Furthermore, the above experimental observations in the optoelectronic properties with various halide contents provide insight into the tuneability of mixed-halide perovskite. To clarify the relationship between the PL feature and the band structure, in this work, we using first-principle calculations study the band structure under variable doped composition conditions, based on experimental lattice parameters. Considering the composition of the unit cell, we focused on the pseudo-cubic phase of the mixed-halide materials of CH₃NH₃Pb(Br_xI_1−x)₃ with x = 0.333 and 0.667, and used the band gap approximation of them to fit the result of band gap of CH₃NH₃Pb(Br_xI_1−x)₃ crystals with V_HBr% for 40% and 60%^40,41. Figures 6 and S5 illustrate the results of the band structure, partial density of states (PDOS) and total density of states (DOS) for the CH₃NH₃Pb(Br_xI_1−x)₃ with x = 0.333 and 0.667. It is found that the valence band maximum (VBM) originate mainly from the strong interaction of the Br-4p, I-5p, Pb-6s and Pb-6p states, the conduction band minimum (CBM) is mainly composed of Pb 6p states for x = 0.333 and 0.667. Moreover, the addition of Br introduces Br 4p states in the VBM whereas the VBM mixed contribution from I 5p and Br 4p in x = 0.333 and 0.667. And the Pb 6p contribution at CBM is unchanged at all systems. The results also show that the E_g of the bromine doped by 33.3% and 66.7% are 1.53 eV and 1.61 eV in Fig. 6, respectively. However, the range of band gap of the Br doped by 33.3% and 66.7% are 1.53–3.22 eV and 1.61–3.60 eV. Thus, they can be interpreting the PL patterns of the bromine doped by 40% and 60% corresponding with E_g values (1.7~2.32 eV and 1.73~2.26 eV, respectively), as shown in Fig. 5(a,c).

Figure 6

Electronic band structures of CH₃NH₃Pb(I_1−xBr_x)₃ with (a) x = 0.333 and (b) 0.667, Zero energy is set at the top of the valence bands.

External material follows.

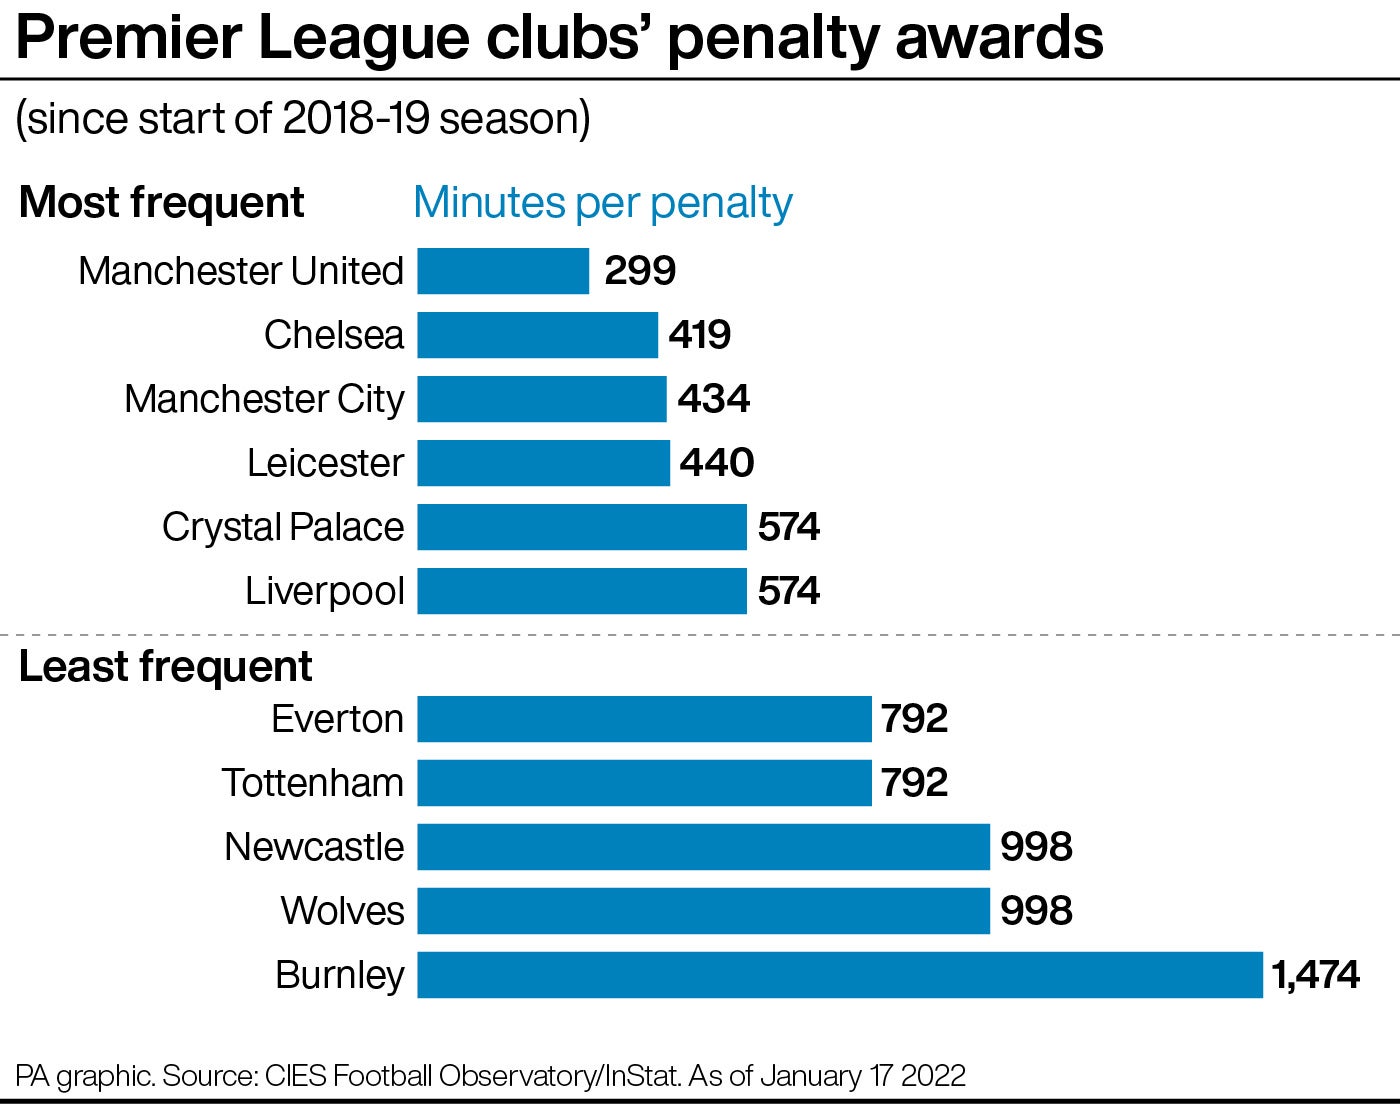 Manchester United earn penalties far more often than any other Premier League club (PA graphic)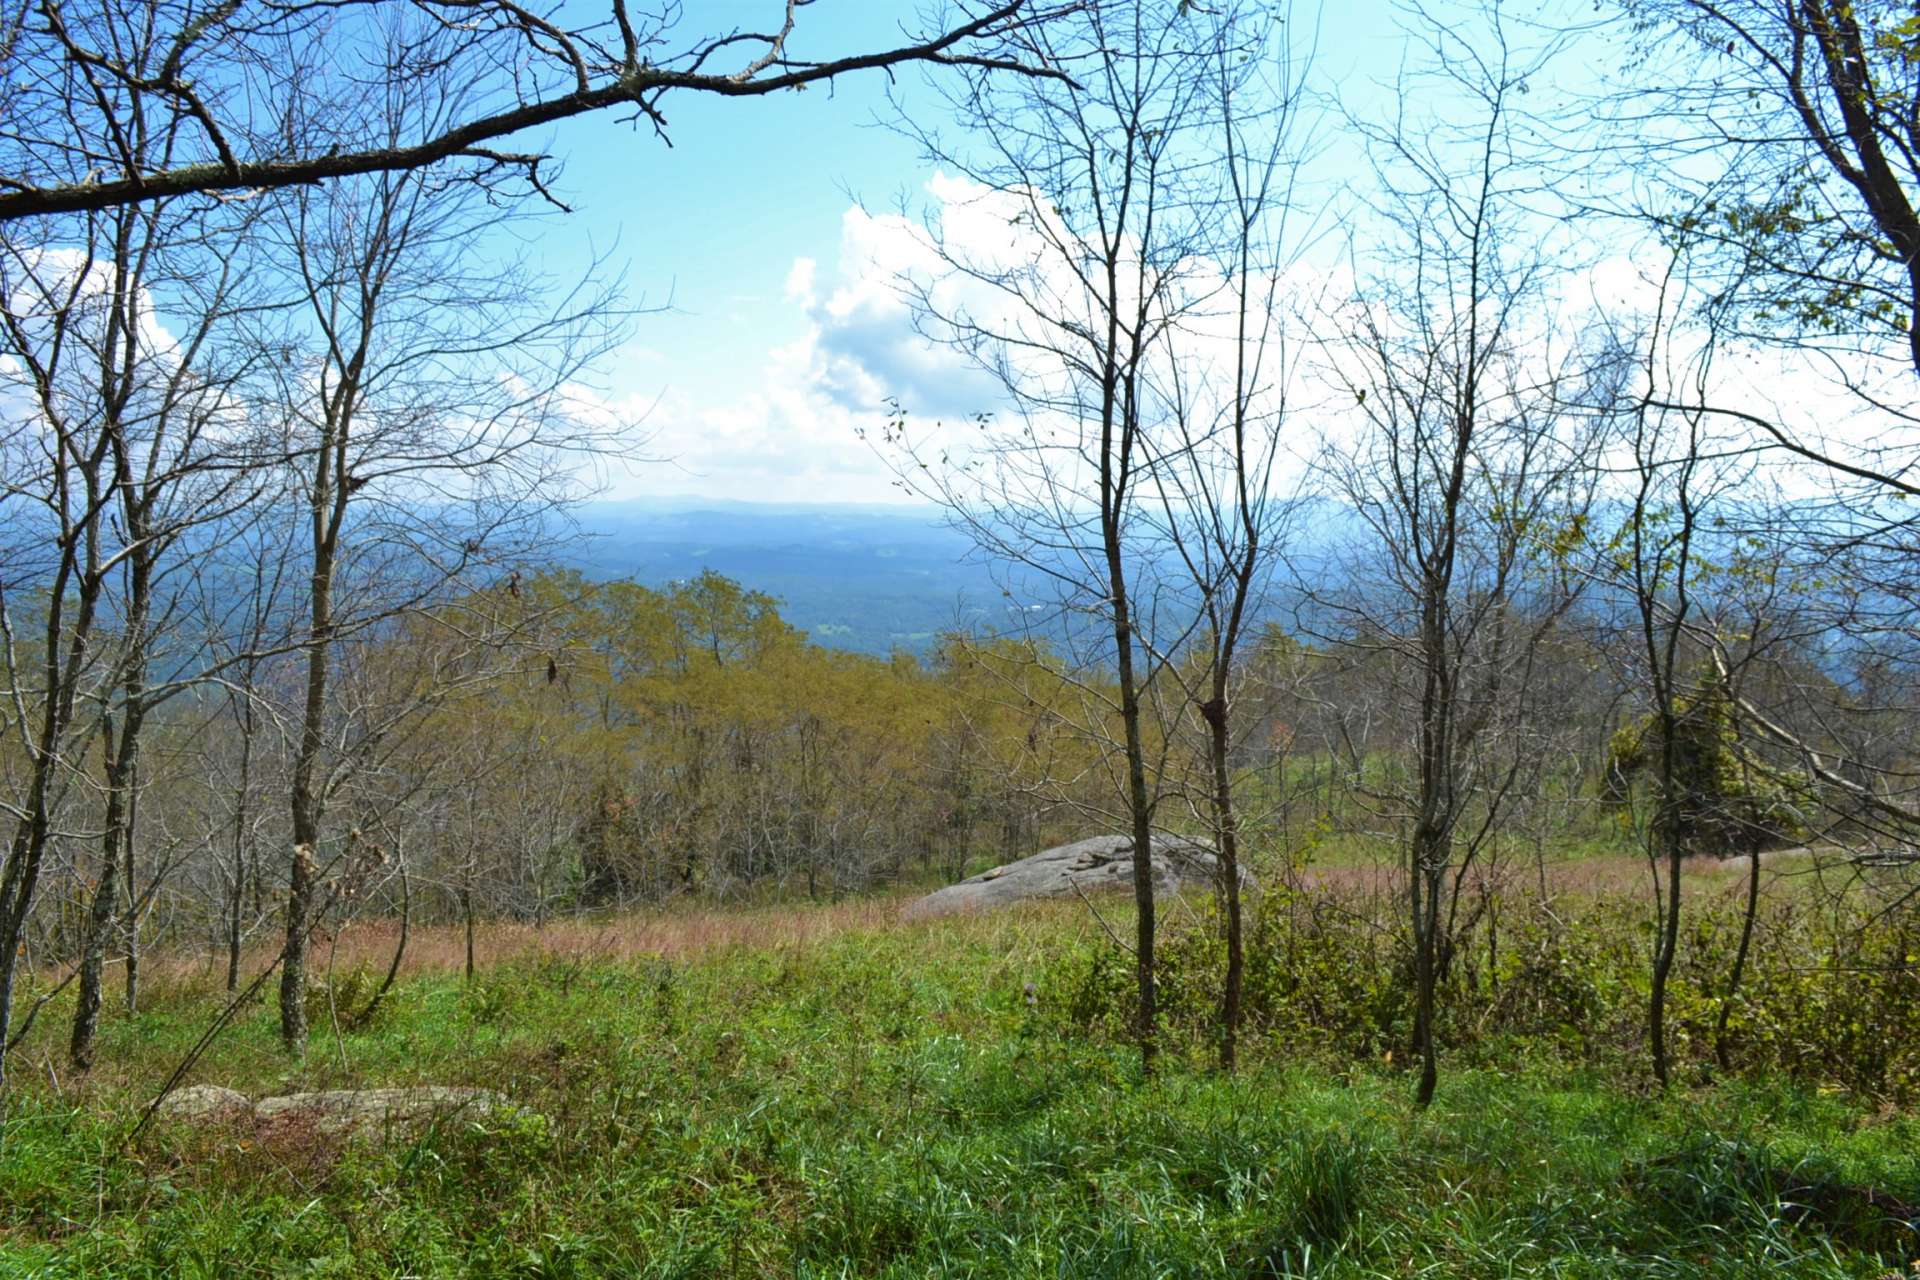 Offered at $98,000, Lot T5, of Point Lookout Mountain, offers the ideal location for your Grayson County VA mountain retreat or primary residence.  Point Lookout is a gated community featuring estate sized tracts, paved streets, underground utilities, natural areas for hiking, abundant wildlife,  and fantastic panoramic layered mountain vista views.  The location is convenient to shopping in Independence, Galax and Wytheville, National Forest areas, and the New River.<p>  If loving where you live is most important of all, then this is the perfect place to experience mountain living in peace and tranquility.  S272   Priced way below tax value!

In summary, The mixed-halide hybrid perovskite CH₃NH₃Pb(Br_xI_1−x)₃ (0 ≤ x ≤ 1) crystals have been systematically synthesized by a solvothermal method through adjusting concentration of Br ions. The XRD indicated that the crystalline structure transitioned from the tetragonal phase to the cubic phase with the introduction of Br ions, and the crystals have higher crystallinities and purities. The SEM showed that all the as-synthesized crystals retain cuboid shapes. Furthermore, PL peaks of the CH₃NH₃Pb(Br_xI_1−x)₃ crystals could be tuned from 768 nm to 549 nm, corresponding to a variation in the bandgap from 1.61 eV to 2.26 eV. Moreover, CH₃NH₃PbI₃ and CH₃NH₃PbBr₃ had good miscibility below 50% about V_HBr%. Notably, CH₃NH₃Pb(Br_xI_1−x)₃ (0.4 ≤ x ≤ 0.6) crystals obviously appear phase separation by prolonged illumination due to the formation of small clusters enriched with lower-band-gap, iodide-rich and higher-band-gap, bromide-rich domains, which induced localized strain to promote halide phase separation. In addition, the electronic band structures of the crystals were used to explain many of peaks in the PL patterns with V_HBr% about 40% and 60%. Meanwhile, modifying the perovskite morphology and crystallinity greatly improved the stability.

Experiments Methods

Synthesis

All chemical reagents (analytical grade) were directly used without further purification and were supplied by Sigma-Aldrich.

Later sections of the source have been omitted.